Он подходит к балконной двери и, шагнув за ее порог, оказывается на полукруглом опереточном балкончике, к которому тянет свои ветви Кривая Липа. Ствол наклонен в его сторону — еще год-другой, и дерево в своем неостановимом росте упрется в балкон, как собака мордой в ладонь хозяина. У его ног из крохотной щели тянется розовый садовый цветок. Видно, занесло еще семечком. Корни любого растения, угнездившегося в кладке, выделяют угольную кислоту, чтобы расчленять кирпичные мускулы и получать натрий и калий из глины, песка, извести, схваченных цементным раствором. Фасады соседних домов с барочными излишествами в простенках не давали забыть о великой европейской цивилизации — те же мастера, тот же камень, те же архитектурные проекты использовались при застройке Вены, Будапешта, Кракова, Праги.
Он вспоминает про с в о й цветок, лезет в карман куртки и бережно достает чуть примятую кисть розового каштана, которую в длинном нелепом прыжке сорвал для нее с ветки. Опускает кисть в пустой бокал на столе, подливает воды из графина. Что за свадьба без цветов.
В воздухе мастерской поверх запахов краски, свинца, растворителя стелется еще один — до конца не выветрившейся стоматологии, уходящий, как в древность, в родословную этого места и странным образом подходивший к виду из окна на позднеевропейское барокко, — запах, за которым мнились кальвинистская трезвость, точность, расчет, острый, как пары нашатыря.
Он берет со стола и раскрывает один за другим тюбики с краской, принюхивается к кадмию и кобальту, хром-кобальту и краплаку. Запах масляных красок, как всегда, повергает его в смятение. Ему казалось: у каждой краски свой запах. Даже тошнотворные белила цинковые вызывали в душе отклик, звали к чему-то высокому, сумасбродному… Знакомый хирург как-то поведал ему, что врачи тоже привязываются к своим рабочим запахам — стерильных бинтов, антисептика, крови — даже человеческой крови! — которая со временем тоже находит свою парную белково-химическую структуру в мозговом центре удовольствия человека, приставленного к одному делу и любящего его. До своего отъезда из этого города он пробавлялся художеством — работал оформителем на одном из предприятий. Художником себя не считал, скорее — шрифтовиком, к своему унылому оформительству стендов наглядной агитации относился с молодой беспечностью — скорее как к технологии, чем творчеству. Ему нравились сам процесс смешивания красок и нанесения их на загрунтованную поверхность, ощущение твердой уверенности в руке при работе с плакатным пером, каковая (уверенность) в его представлении ближе всего подходила к ощущению профессии. Одно время в минуты усталости, сомнений и робости перед жизнью ему даже начинало казаться, что он рожден, чтоб этим плакатным пером завоевать мир. Слава богу, что это скоро кончилось.

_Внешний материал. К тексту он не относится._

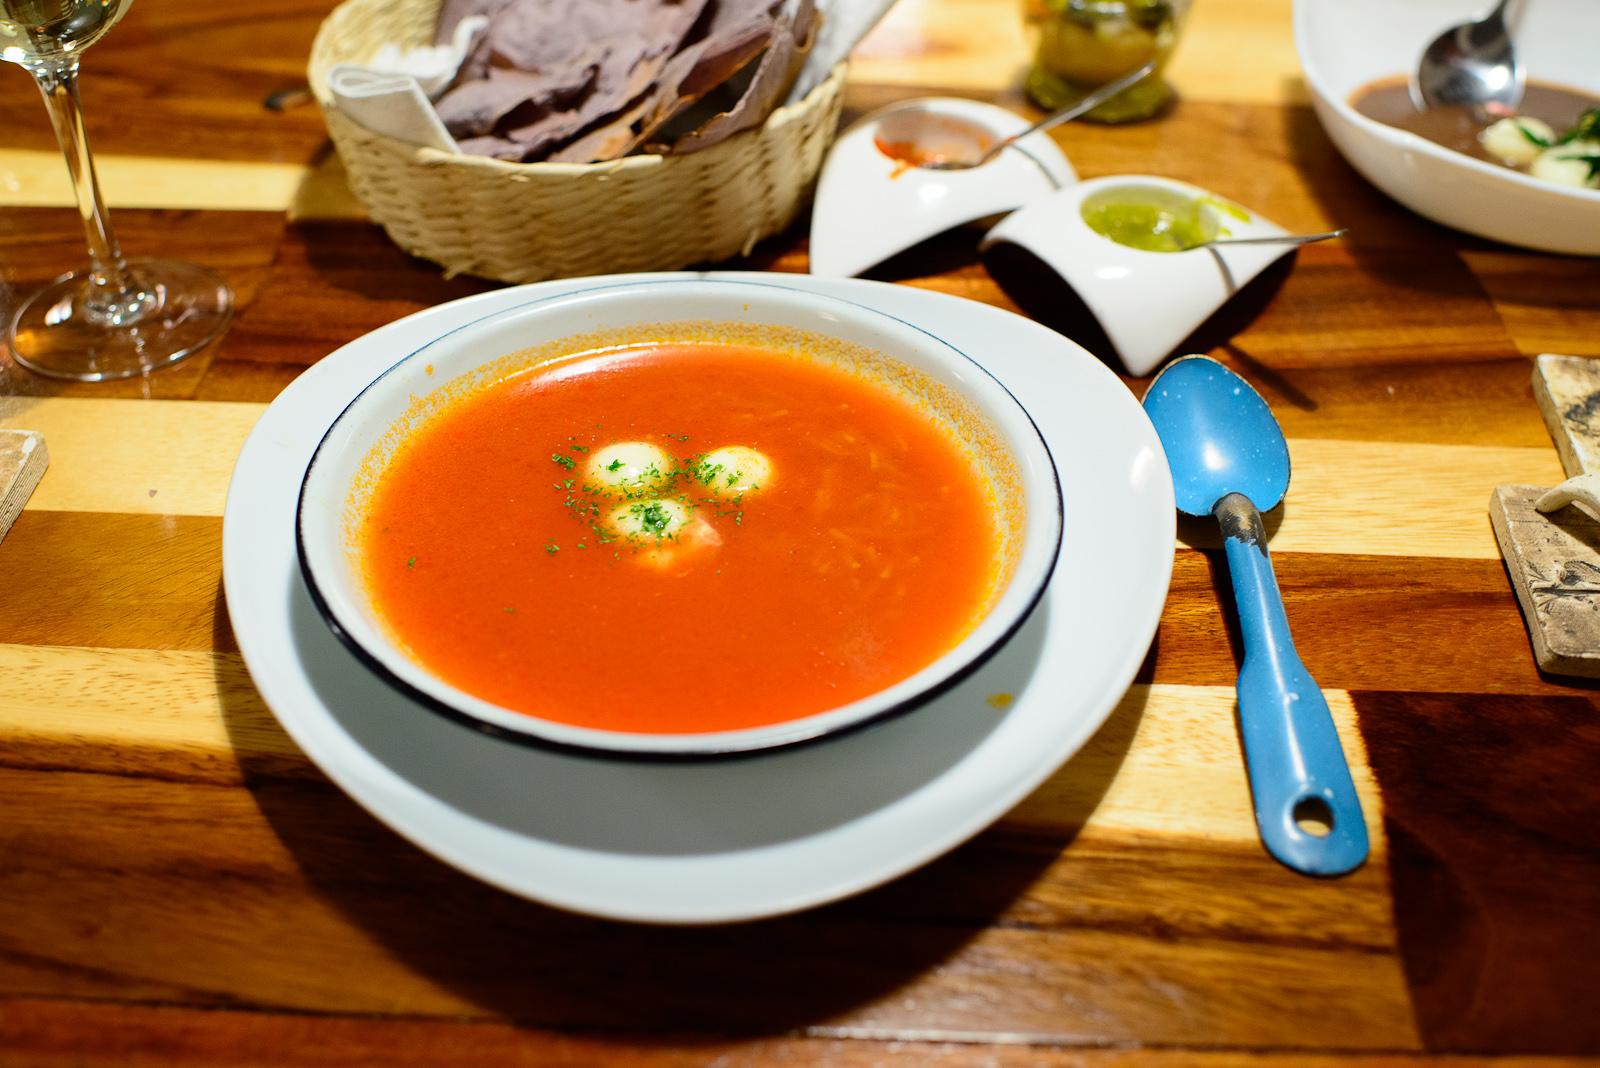 3rd Course: Fideos secos - noodle soup, cream cheese, tomato, an

Он сидит в стоматологическом кресле, откинув голову на лепестки подголовников, похожие на лингафоны, струящие свою нечеловеческую музыку, положив локти на черные подлокотники, — сколько исходящих болью и ужасом людей касалось их?.. Его поза кажется ему комфортной; он сидит и скучает в отсутствие боли, любви и смерти. Его любовь возится на маленькой кухне, разогревая на газовой плите принесенные с собой голубцы. Он поднимается и идет помогать. Помощь выражается в том, что он нарезает хлеб, открывает бутылку вина. Заглядывает в старый холодильник художника-витражиста. Из-за обвальной девальвации и по-дилетантски составленного договора художник очутился в кабале у владельцев гостиницы, предпочитающих расплачиваться за работу по старым расценкам. У владельцев свои трудности — взятки чиновникам, воровство на стройке, пьянство и саботаж рабочих, тоже оказавшихся в трясине валютной незалежности, алчно пожираемой твердыми валютами мира. Поэтому холодильник повергает в уныние: на верхней полке стопка по-общепитовски нарезанных кусочков серого хлеба, полкочана капусты, пачка маргарина. Но художником дорожат, договор с ним обещают перезаключить, привязав его к плавающему курсу. Если с рабочими все просто, то с художником — уже нет. Его не выставишь на улицу, главное богатство этого художника — приличные запасы цветного стекла, закупленного на заводе еще по старым, советским ценам. Это стекло в виде овальных неровных блинов с оплавленными, как у леденцов, краями сложено частью — дома, частью — здесь. Поэтому художник полон надежд и раскрыт навстречу жизни — об этом говорит толстая упаковка новомодных биойогуртов на нижней полке холодильника: художник следит за модой и своим здоровьем. На полу выстроилась батарея пустых бутылок с яркими этикетками, плавно переходящая из батареи в коллекцию с большим количеством дублей: художник еще и выпивает.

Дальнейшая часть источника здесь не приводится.